El escrutinio del 26-O, magia potagia
El modo en que se desarrolló el escrutinio de las recientes elecciones autonómicas en Madrid ha suscitado dos cuestiones nada triviales: ¿a qué puede responder esa sorprendente evolución del recuento de votos? y, si ha habido alguna intervención perversa, ¿con qué sentido?
En cuanto a lo primero, la panoplia de explicaciones que desde entonces se ha tenido ocasión de leer o escuchar propende a lo exótico y, en justicia, merecen una escasa atención: la distinta densidad de población de los distritos, la predominancia de electores de edad en ciertos colegios o mesas... La reducción al absurdo de todas ellas fue debidamente ejecutada por Miguel Ángel Aguilar, quien, sarcásticamente, afectó la explicación última a la Física: los votos de la derecha tienen más peso, por la ley de la gravedad tienden a posarse en el fondo de las urnas y se recuentan siempre en último lugar (sic).
En el extremo opuesto, la irritante declaración de Carlos Mayor Oreja, vicepresidente en funciones de la Comunidad, quien -con desparpajo envidiable- parecía referirse a un portentoso fenómeno que ni sus propios técnicos alcanzan a explicarle.
Sin embargo, todo es simple hasta la provocación. Como es sabido, la administración electoral actúa en dos circuitos paralelos. Uno dirige las actas de cada mesa a las juntas electorales de zona y éstas a la central que, en plazo de 40 días y oídas las reclamaciones y recursos si los hubiere, proclama los resultados oficiales. Otro, de naturaleza gubernativa y compuesto por agentes autorizados de una o varias empresas de estudios sociológicos o de proceso de datos que, inmediatamente después del recuento, transmiten los resultados de la mesa a un centro de datos. Éste, bajo control estricto de órgano político correspondiente, en el caso que ocupa, la vicepresidencia de la Comunidad.
Es de todo punto improbable que esos agentes tengan instrucciones de enviarlos según un horario artificialmente programado que genere la resulta perniciosa de que hablamos: que los resultados del granero de la oposición entren en cómputo con preferencia a los del partido del gobierno. De otro lado, las mesas tienen igual composición, un procedimiento reglado uniforme, atienden a un número similar de electores, es un proceso abierto a la presencia de representantes de las formaciones políticas y, naturalmente, la habilidad en el cómputo no se relaciona con las preferencias políticas de sus miembros.

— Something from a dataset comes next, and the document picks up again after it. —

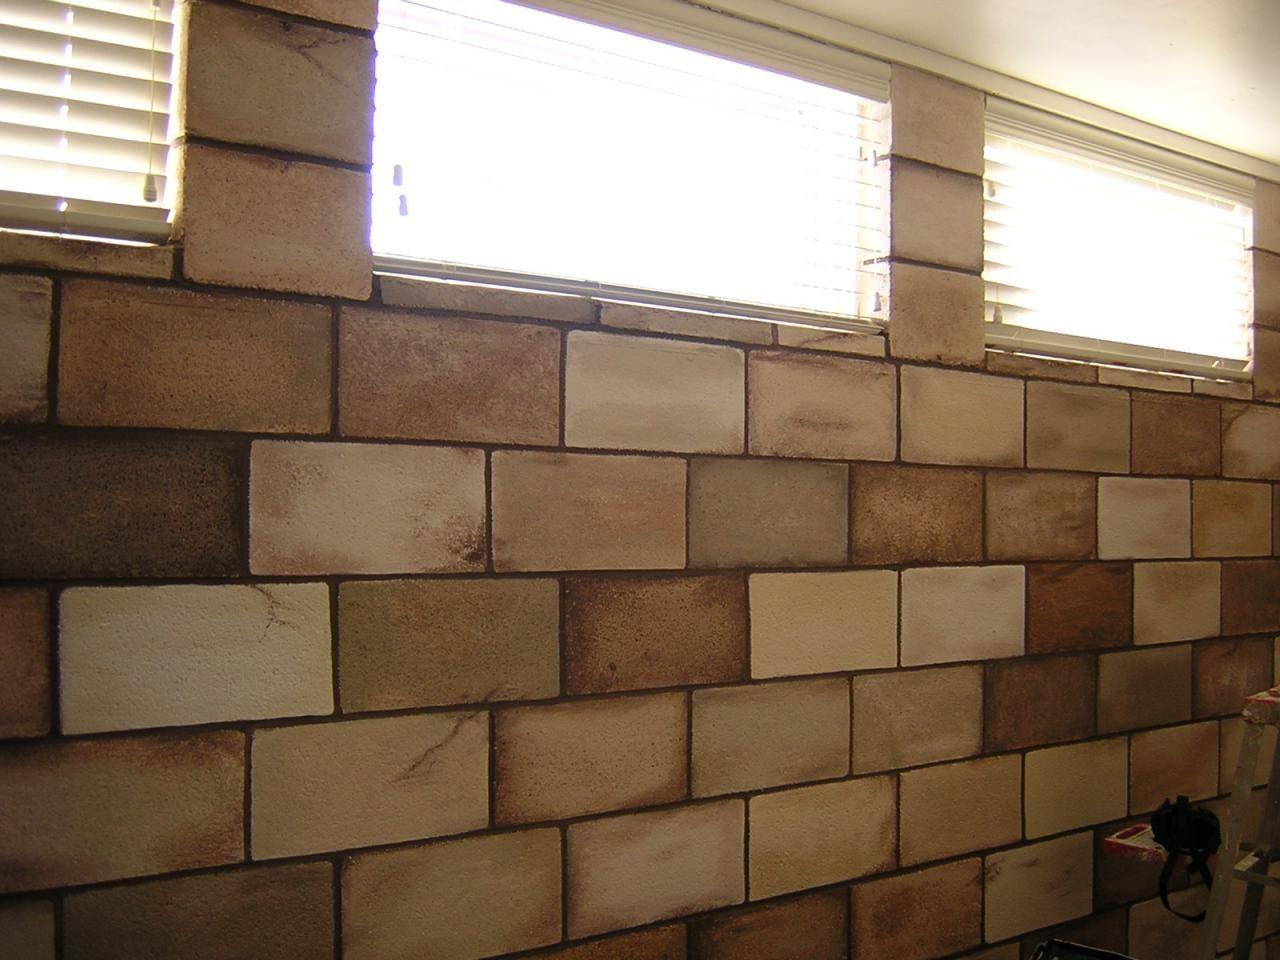 Decorating Ideas For Concrete Block Walls Cinder Block Walls Painting Concrete Concrete Block Walls

Así pues, desde el punto de vista estadístico, la entrada de datos en el centro de proceso se debería producir siempre respondiendo a un sistema que en términos estadísticos se denomina "aleatorio puro". Eso ha ocurrido en otros antecedentes consultados. Por eso, en algunas ocasiones, se han ofrecido resultados parciales -sobre todo al inicio del recuento- con apariencia errática, porque, sin otra intervención, regía el principio aleatorio señalado.
También por eso, y en contra de lo que alegremente apuntan las declaraciones oficiales, lo ocurrido el 26-O no tiene precedente alguno; con una sola excepción, las elecciones del pasado mayo. Tienen razón en una sola cosa: los técnicos no pueden darle una explicación lógica al enigma y apuesto mi modesto crédito profesional a que tampoco se la podrán dar en el futuro. Déjà vu, lo ocurrido el 25-M constituye ahora una prueba de cargo añadida.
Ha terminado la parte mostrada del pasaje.